Capsular Polysaccharide (CPS) Release by Serotype 3 Pneumococcal Strains Reduces the Protective Effect of Anti-Type 3 CPS Antibodies

  • Clin Vaccine Immunol. 2015 Dec 16;23(2):162-7. doi: 10.1128/CVI.00591-15.
Eun Hwa Choi 1 Fan Zhang 2 Ying-Jie Lu 2 Richard Malley 3
Affiliations

Affiliations

  • 1 Division of Infectious Diseases, Boston Children's Hospital, Boston, Massachusetts, USA Department of Pediatrics, Seoul National University College of Medicine, Seoul, South Korea.
  • 2 Division of Infectious Diseases, Boston Children's Hospital, Boston, Massachusetts, USA.
  • 3 Division of Infectious Diseases, Boston Children's Hospital, Boston, Massachusetts, USA richard.malley@childrens.harvard.edu.
Abstract

The efficacy of the serotype 3 (ST3) pneumococcal conjugate vaccine (PCV) remains unclear. While the synthesis of capsular polysaccharide (CPS) of most serotypes is wzy dependent, the strains of two serotypes, 3 and 37, synthesize CPS by the synthase-dependent pathway, resulting in a polysaccharide that is not covalently linked to peptidoglycan and can be released during growth. We hypothesized that the release of CPS during growth reduces anti-type 3 CPS antibody-mediated protection and may explain the lower efficacy of the type 3 component of PCV than that of other PCVs. The in vitro-released CPS concentrations per 10(7) CFU of ST3 and ST37 strains were significantly higher than those for the ST1, ST4, ST6B, and ST14 strains.
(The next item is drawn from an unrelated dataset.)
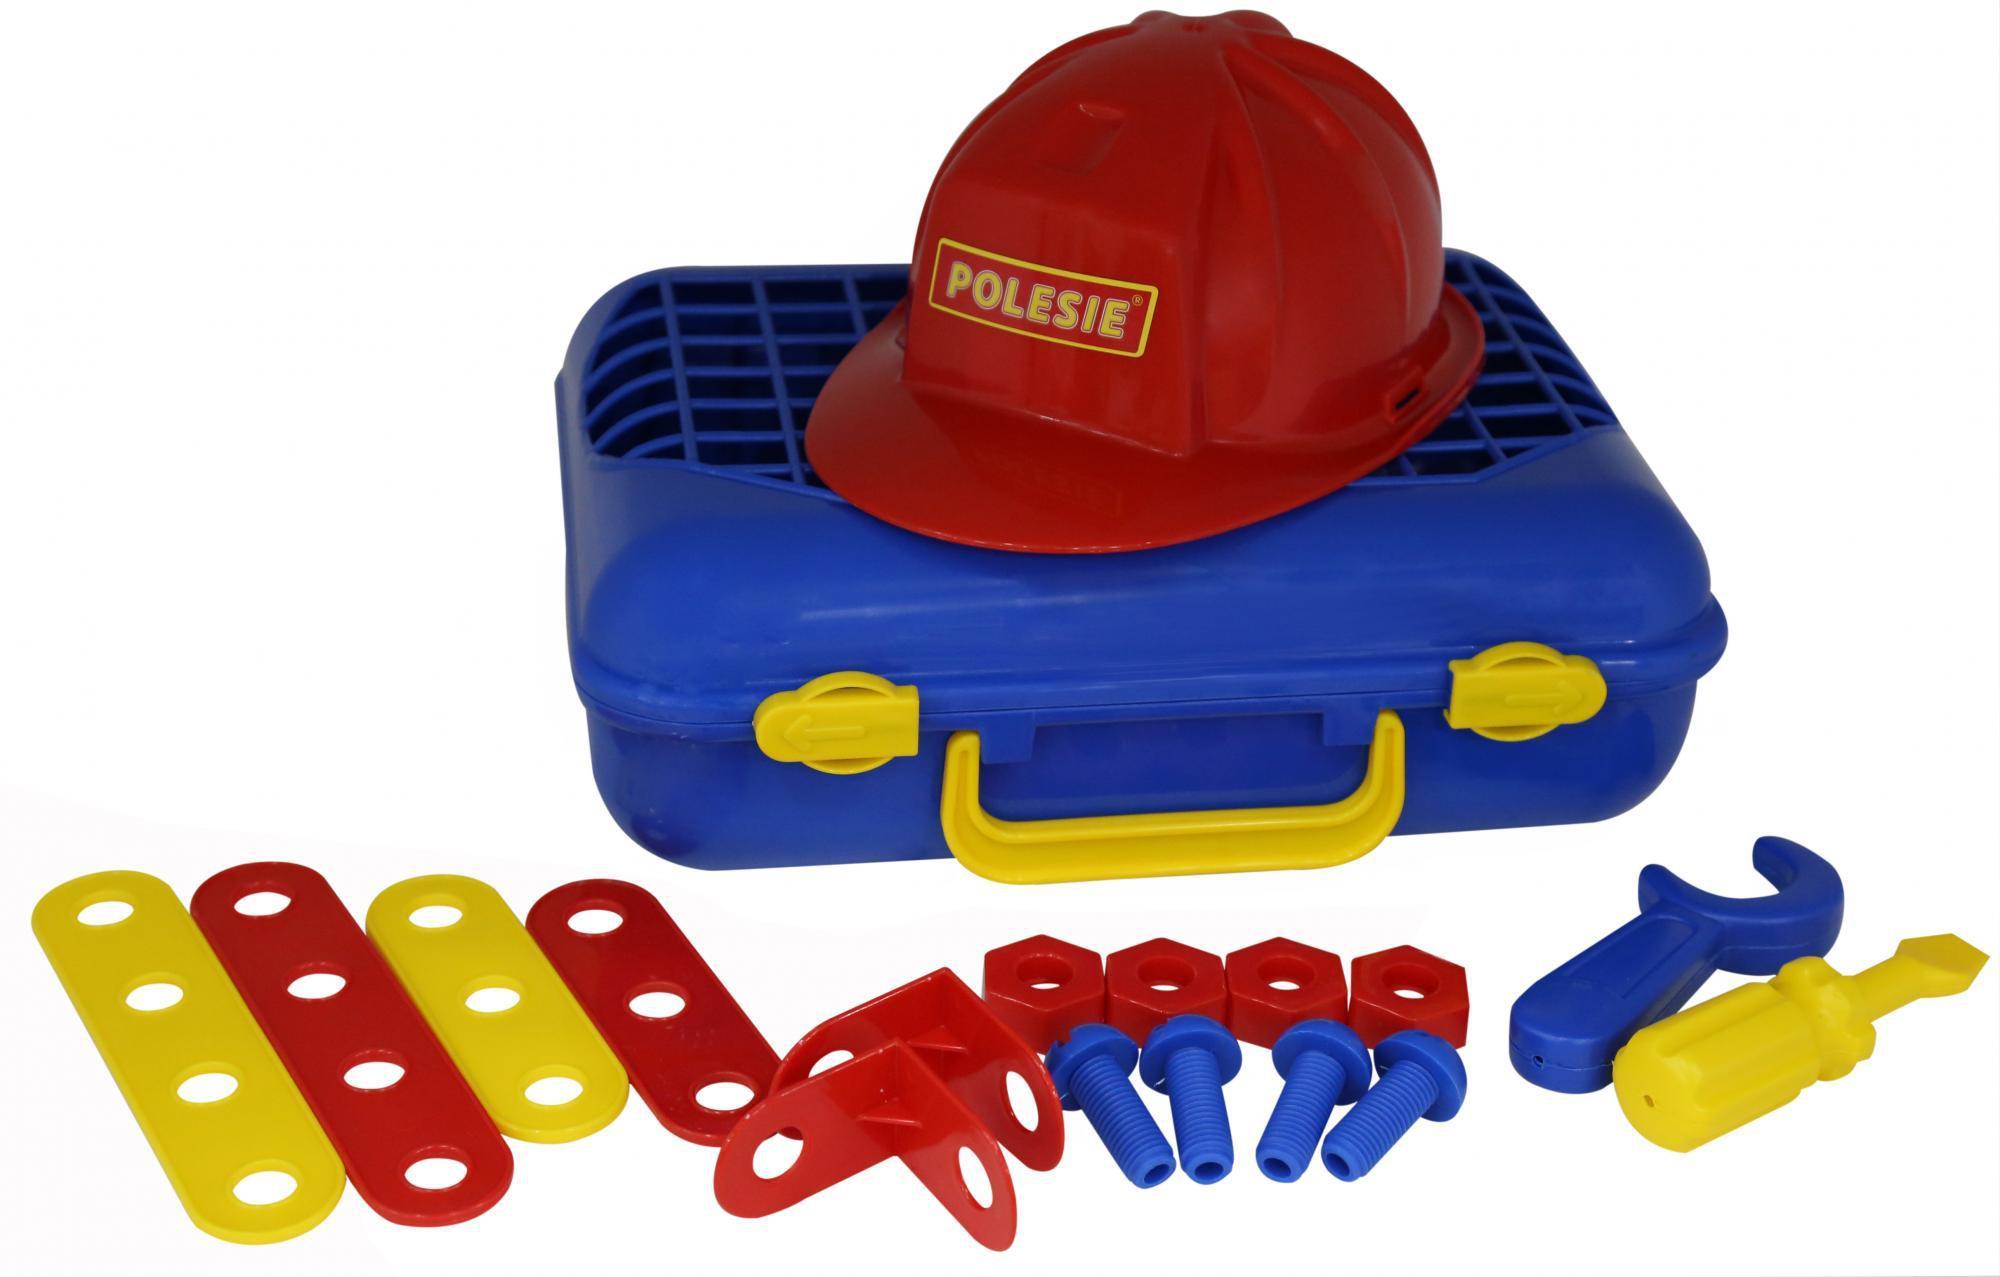 Наборы игрушечных инструментов Полесье Механик 2 31 элемент (в чемодане) цена и фото
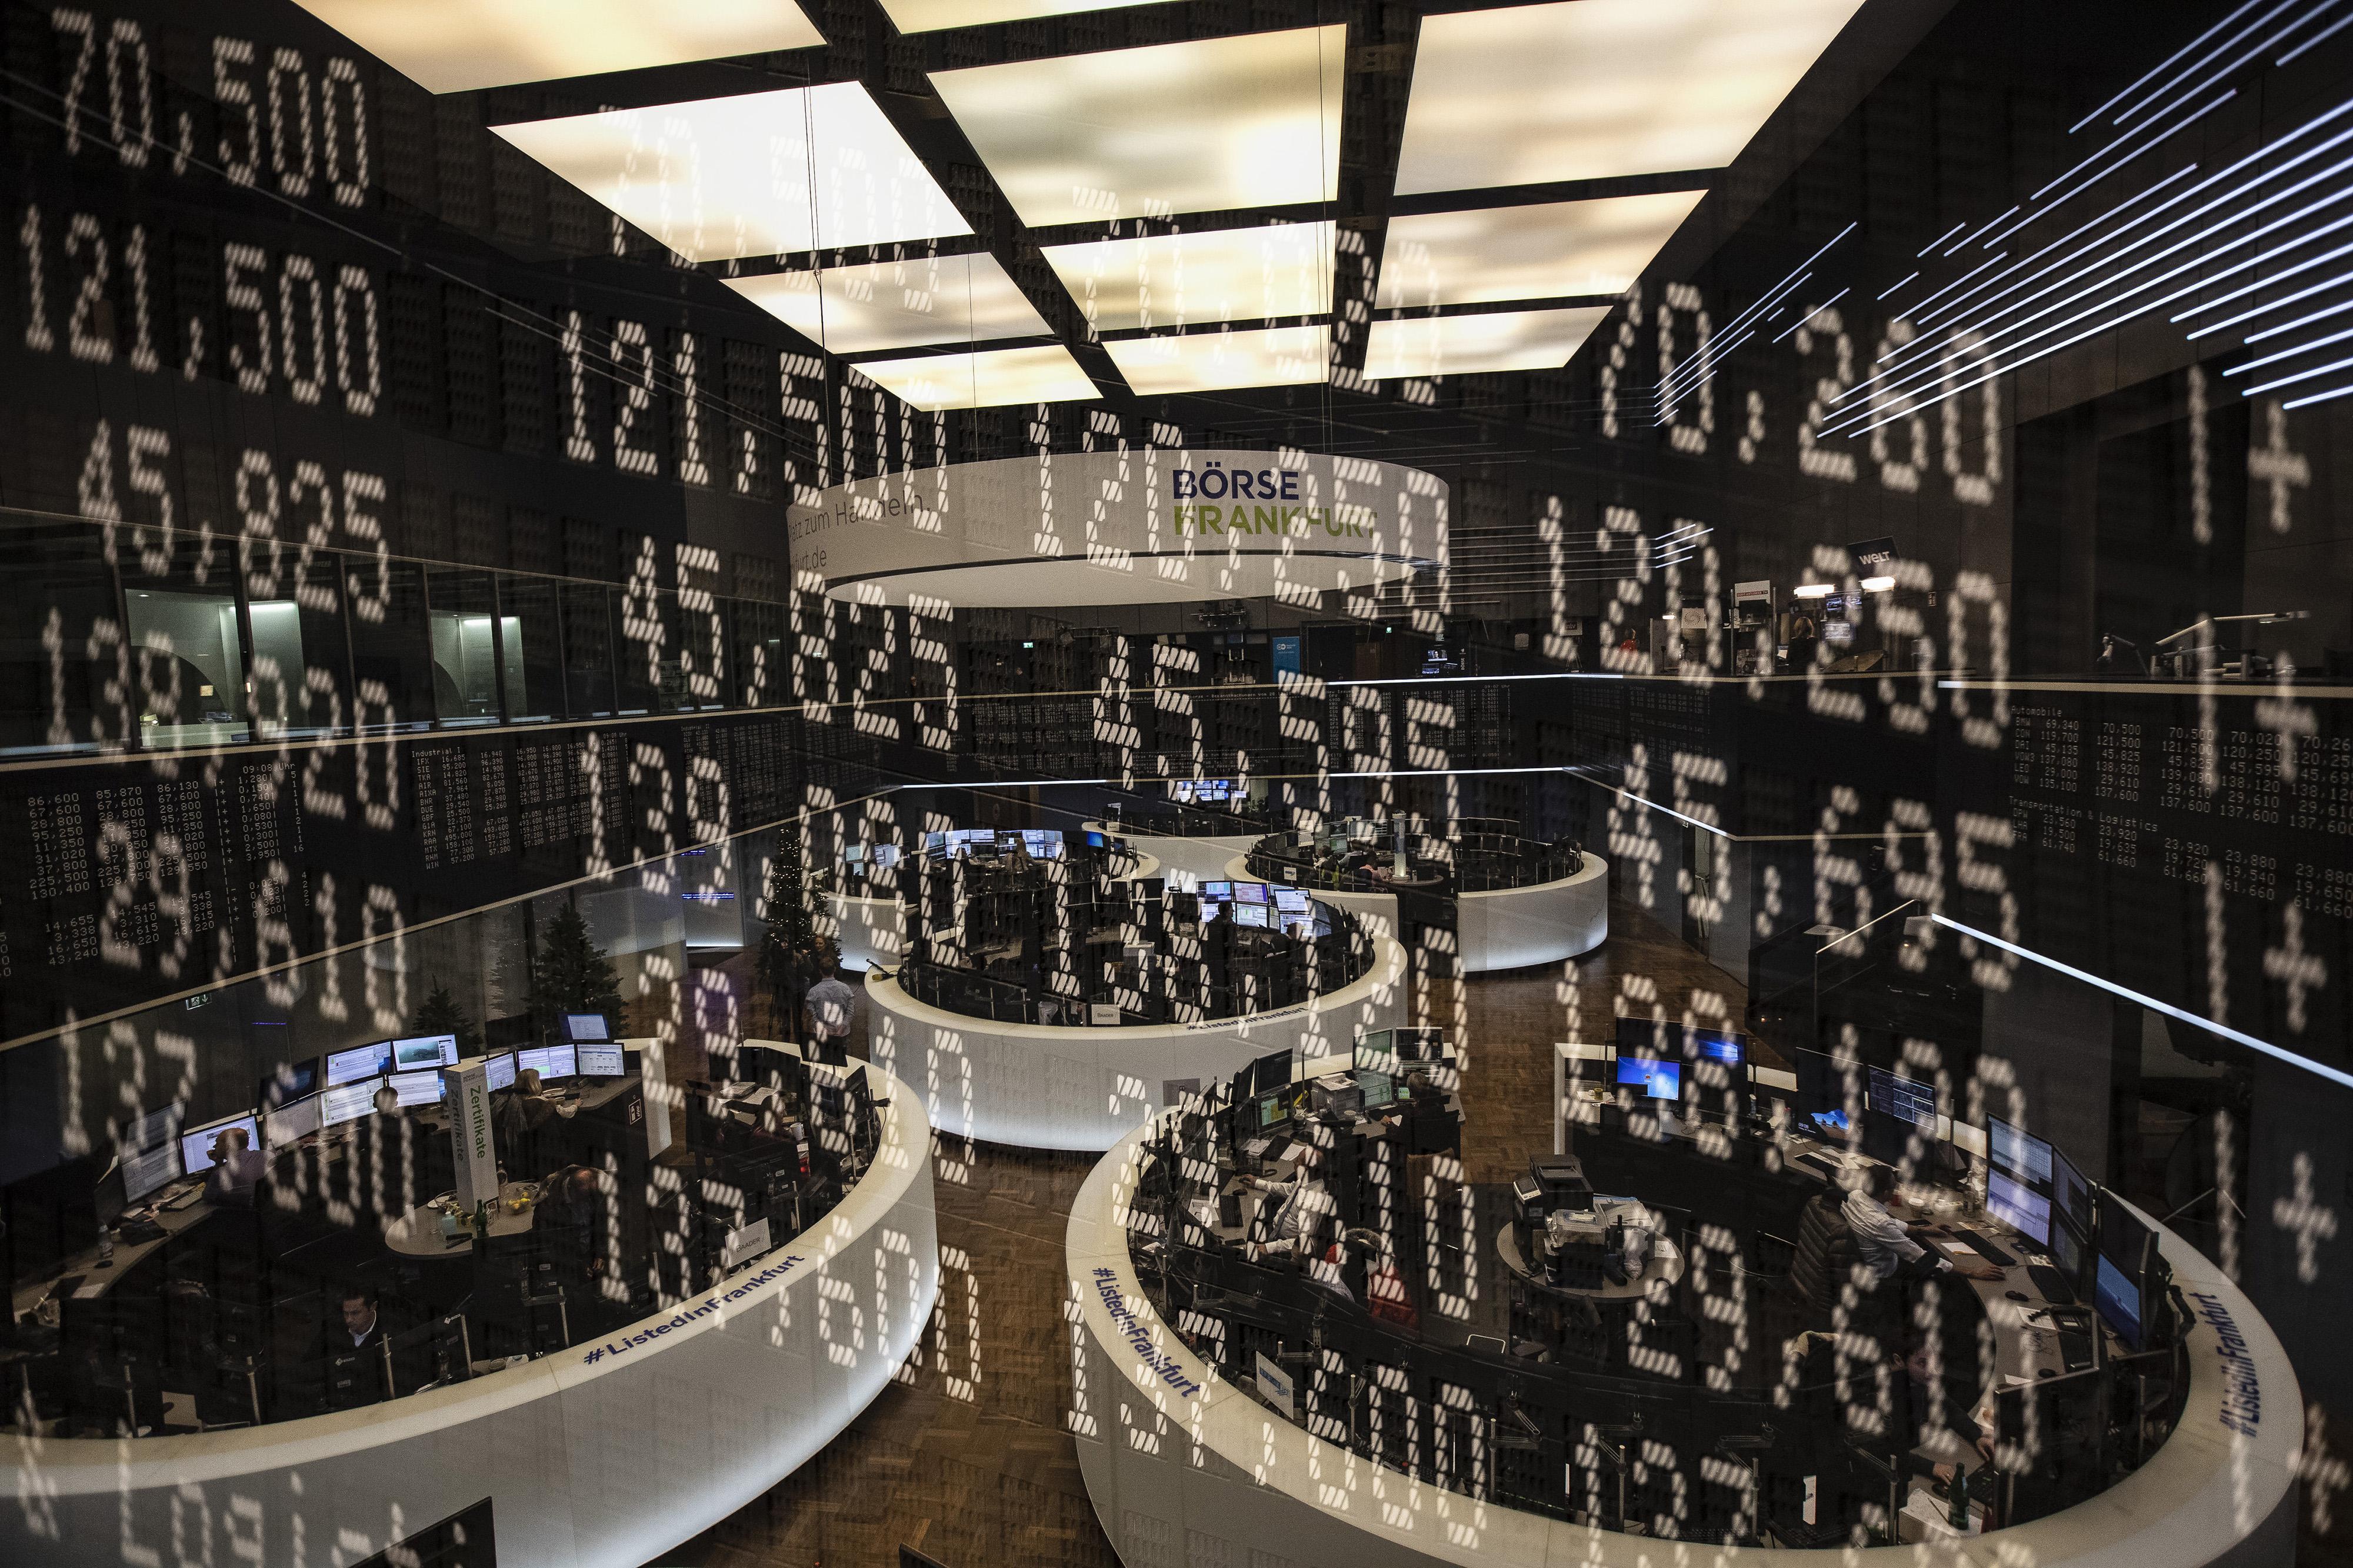 コム ドット 株価 フォース セールス

Following intraperitoneal (i.p.) injection in mice, blood concentrations of CPS were significantly higher for the ST3 than for the ST4/5 strains. The opsonophagocytic killing assay (OPKA) titer of anti-type 3 CPS antibody was significantly reduced by type 3 CPS, culture supernatant, or serum from Streptococcus pneumoniae ST3 strain WU2-infected mice. Mice were injected with capsule-specific Antibodies and challenged i.p. with or without the addition of sterile culture supernatant containing type-specific CPS. The addition of 0.2 μl of culture supernatant from WU2 inhibited passive protection, whereas 100-fold-more culture supernatant from S. pneumoniae ST4 strain TIGR4 was required for the inhibition of protection. We conclude that released type 3 CPS interferes with antibody-mediated killing and protection by anti-CPS Antibodies. The relative failure of ST3 PCV may be due to CPS release, suggesting that alternative immunization approaches for ST3 may be necessary.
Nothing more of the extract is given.